Matthieu 11, 26
Oui, Père, tu l’as voulu ainsi dans ta bienveillance.
Oui, Père, tu l’as voulu ainsi dans ta bienveillance.
Sublime
écho des louanges du Sauveur en l’honneur de son Père. Oui, mon Père, je vous loue. On dirait qu’après
avoir prononcé les paroles du v. 25, Jésus-Christ s’arrêta un instant pour les savourer et pour en admirer la
divine justesse. - Ainsi. De la manière dont il vient d’être dit, et pas autrement.
1359. Mais pourquoi rend-il grâce pour le fait que [le Père] a caché ? Je dis qu’il ne fait pas cela parce qu’il se réjouit de leur aveuglement, mais du jugement de Dieu qui en dispose ainsi sagement. Et pourquoi ? Ici, il ne fait pas chercher de cause. En effet, dans de telles choses, la volonté de Dieu sert de cause : CAR, PÈRE, TEL A ÉTÉ TON BON PLAISIR. L’artisan peut bien donner la raison pour laquelle il a placé certaines pierres à la base et d’autres plus haut ; mais qu’il ait posé telle [pierre] ici et telle autre là n’a pas d’autre cause que sa volonté. Ainsi, que le Seigneur en sauve certains, c’est l’effet de sa miséricorde ; qu’il en condamne d’autres, c’est l’effet de sa justice. Mais pourquoi agit-il avec miséricorde à l’égard de celui-ci plutôt que de celui-là ? Cela relève seulement de sa volonté. Ainsi, en Rm 9, 18 : Il fait miséricorde à qui Il veut, et il endurcit qui Il veut. Il agit donc ainsi selon son bon plaisir. Ps 118[119], 108 : Que ton bon plaisir, Seigneur, etc.
Il n'ajoute pas : vous les avez révélés aux insensés, mais aux petits, pour nous montrer qu'il ne condamne pas la pénétration, mais seulement l'enflure de l'esprit.
Ces paroles renferment pour nous une leçon d'humilité, et nous apprennent à ne pas discuter témérairement les jugements de Dieu sur la vocation des uns, et sur la réprobation des autres, en nous montrant qu'il ne peut y avoir d'injustice dans ce qui a plu à celui qui est souverainement juste.
Puisque Jésus-Christ dit : " Je vous confesse, " lui si éloigné de tout péché, la confession n'est donc pas toujours l'aveu des péchés, mais quelquefois aussi l'expression de la louange. Nous confessons donc soit en louant Dieu, soit en nous accusant nous-mêmes ; et ces mots : Je vous confesse, signifient non pas : je m'accuse, mais : je vous loue, je vous rends gloire.

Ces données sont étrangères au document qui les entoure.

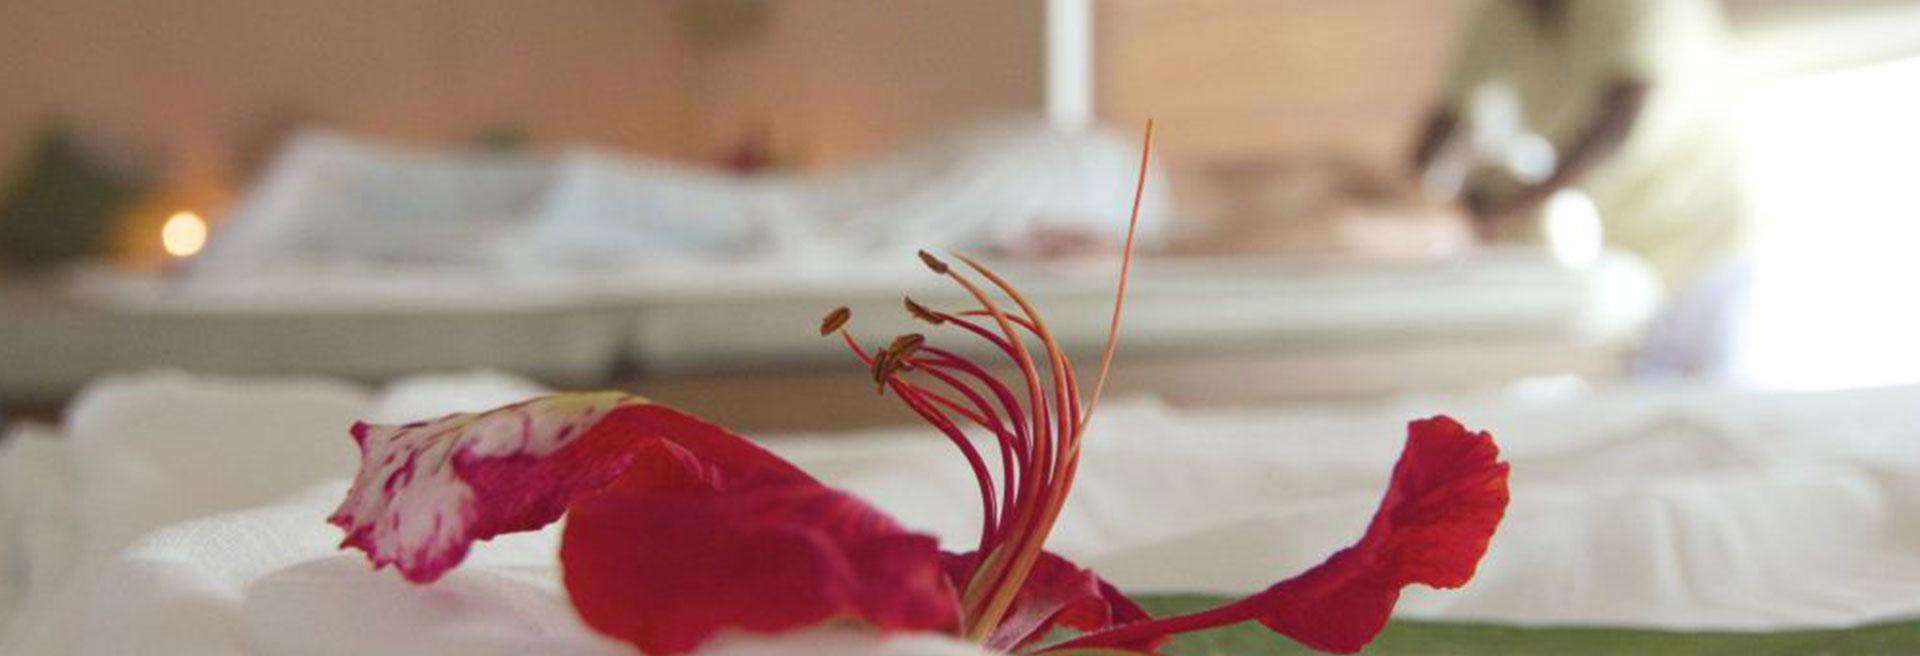 Flower in spa

Sous le nom de ces sages et de ces prudents on peut entendre les orgueilleux, comme Notre-Seigneur l'explique lui-même, en ajoutant : " Et que vous les avez révélés aux petits. " En effet, que veut dire " aux petits, " si ce n'est aux humbles ?
Notre-Seigneur tient encore ce langage affectueux à son Père, pour l'engager à consommer l'oeuvre qu'il a commencée dans ses Apôtres.

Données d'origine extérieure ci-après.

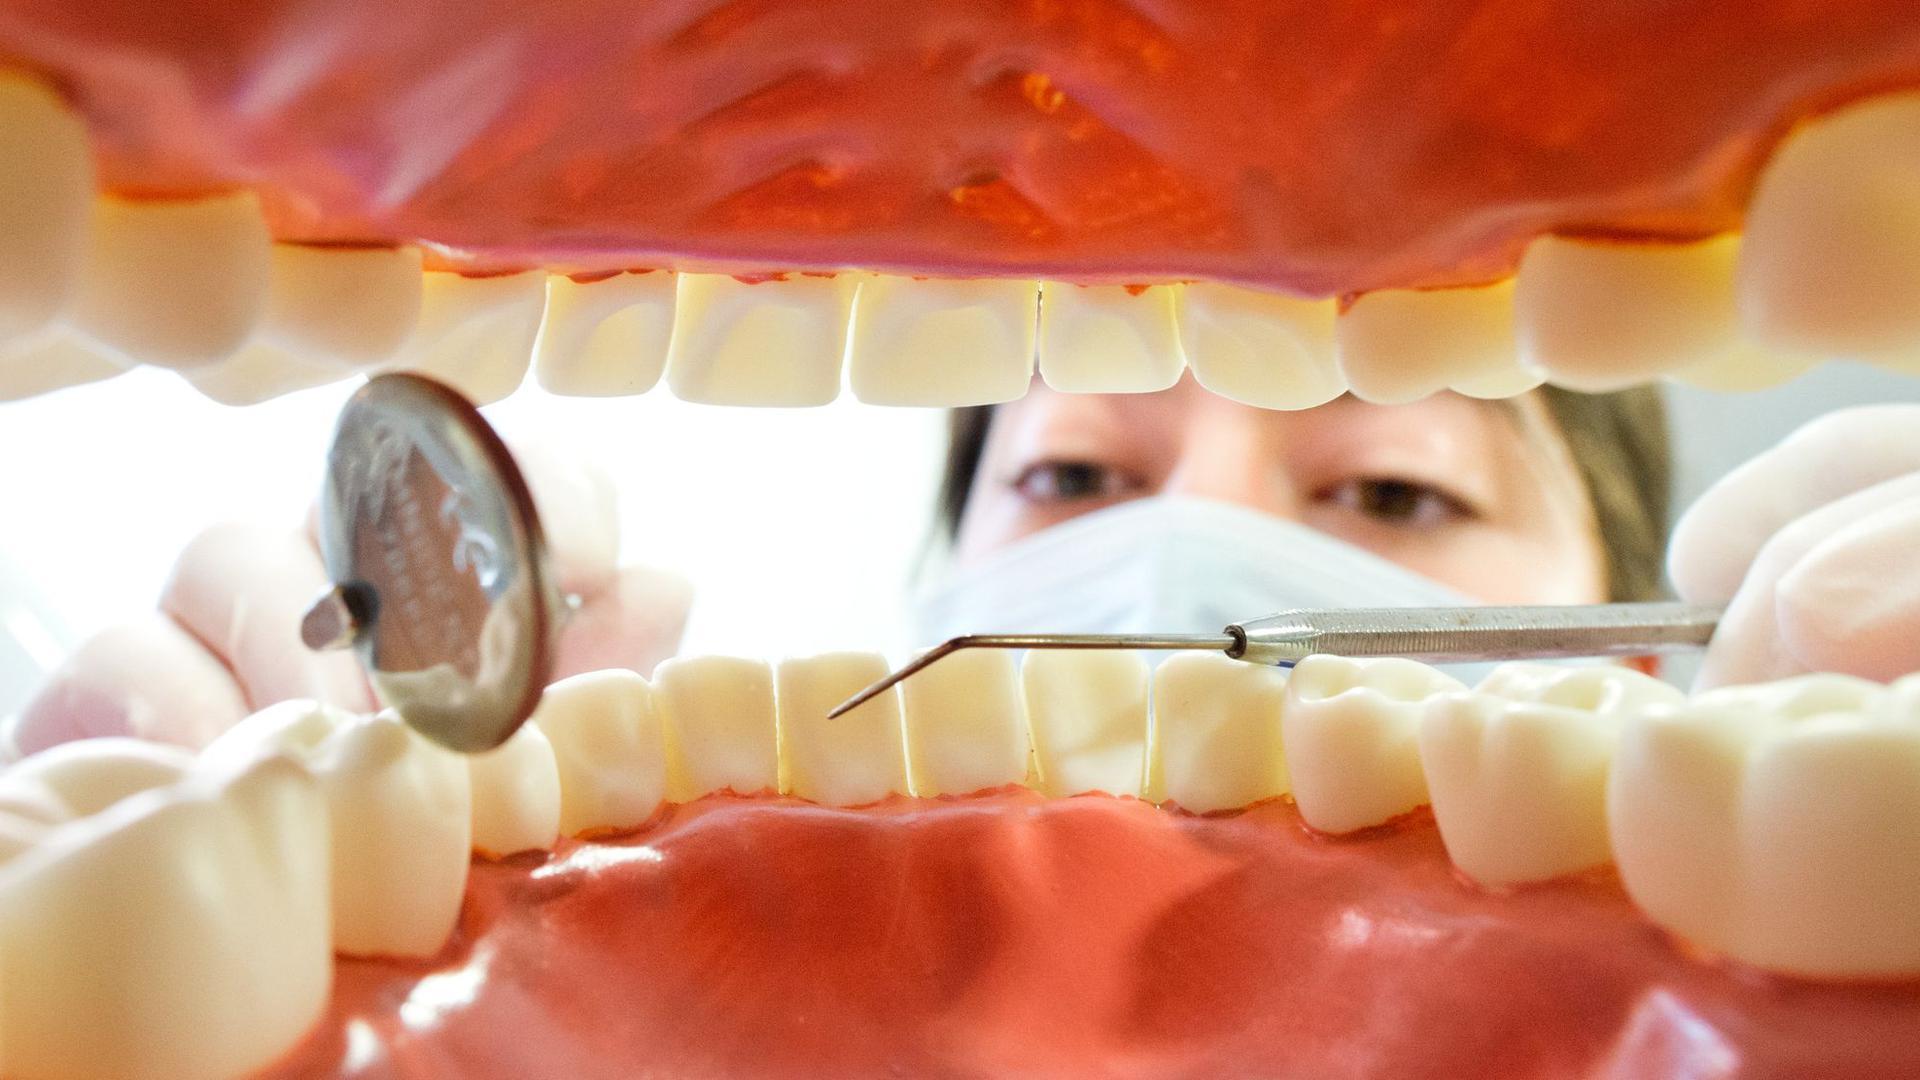 Eine Zahnarzthelferin hinter einem künstlichen Gebiss.

Que ces mystères aient été révélés aux uns, c'est un légitime sujet de joie, mais qu'ils restent cachés pour les autres, c'est un trop juste sujet de larmes. Aussi la joie du Sauveur vient-elle exclusivement de ce que les petits ont connu ce que les sages ont ignoré.
Ou bien encore, en nommant ici des sages, il n'a point voulu parler de la véritable sagesse, mais de celle que les scribes et les pharisiens ne tenaient que de leur éloquence ; c'est pour cela qu'il ne dit pas : " Vous les avez révélés aux insensés, " mais : " aux petits, " c'est-à-dire aux gens sans instruction et sans éducation. C'est ainsi qu'il nous apprend à fuir en tout l'orgueil, et à rechercher la pratique de l'humilité.
Les secrets et la vertu des paroles célestes demeurent cachés pour les sages, c'est-à-dire pour ceux qui sont pleins d'une folle présomption, et dont la sagesse n'est pas le fruit de la prudence ; et ces mêmes secrets sont révélés aux petits, c'est-à-dire à ceux qui sont petits en malice, et non en intelligence.
Il confirme l'équité de cette conduite par le jugement de la volonté de son Père ; suivant ce jugement, ceux qui refusent d'être petits devant Dieu deviennent insensés dans leur propre sagesse ; c'est pour cela qu'il ajoute : " Oui, je vous bénis, ô mon Père, parce qu'il vous a plu ainsi. "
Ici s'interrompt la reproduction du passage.